Anilox rolls, the mechanisms that apply the ink to the plates, have also improved. Laser-engraved ceramic rollers are much improved over mechanically engraved rollers. According to Perfecseal's Fortunato, the laser controls the depth of cut to achieve very tight tolerances for much finer screen counts. Finer screen counts help transfer consistent amounts of ink to the printing plates. "This helps flexography compete with rotogravure printing," says Fortunato.
Another printing method may become a bigger player in the medical market. SRI International (Menlo Park, CA), a nonprofit research institute, says medical firms should watch for advances in ink-jet printing technologies for producing variable data. "Ink-jet printers can also be computer-driven, and SRI has done a lot of innovation in low-volatile inks that can survive sterilization," says Eric Shrader, program manager for SRI. Shrader says the U.S. Postal Service has recently replaced its flexographic printing system with an ink-jet system to produce high-density bar codes that take the place of date stamps on letters.
Dale Ploeger, SRI's director of innovative product engineering and technologies division, says ink jets may also solve an unspoken need. "Ink jets can print on filled packages," whereas thermal transfer needs to be done on a flat surface. Two ink-jet suppliers are currently working to develop higher-quality printing systems: Domino Amjet (Gurnee, IL) and Videojet Systems International (Wood Dale, IL).
It doesn't appear as though thermal-transfer printing will totally replace flexographic printing anytime soon.
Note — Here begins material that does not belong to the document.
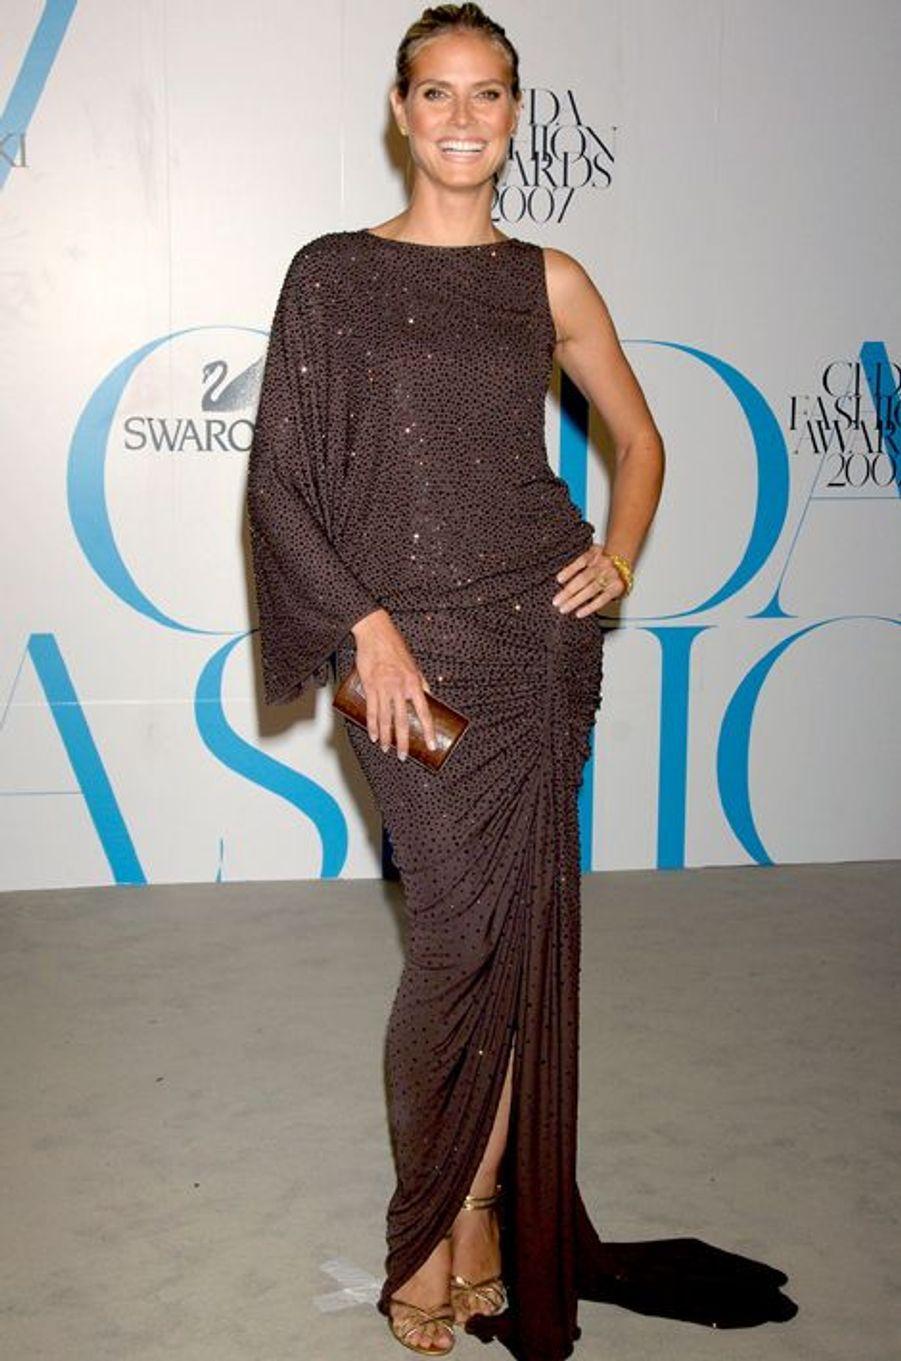 Aux CFDA Fashion Awards, en juin 2007

A number of affordable flexographic systems, like models from Bell-Mark, Greydon, and Kiwi Coders Corp. (Wheeling, IL), make high-quality, high-speed flexographic printing a viable option for smaller device companies. Converters also rely heavily on the larger, more expensive systems.
Instead, medical device packagers may come to rely on a combination of in-house printing systems to achieve their own priorities. Such unions have proved successful for some medical companies, so packaging engineers shouldn't hesitate to add more-efficient printers to their lines if it means successfully and economically meeting new demands for variable data.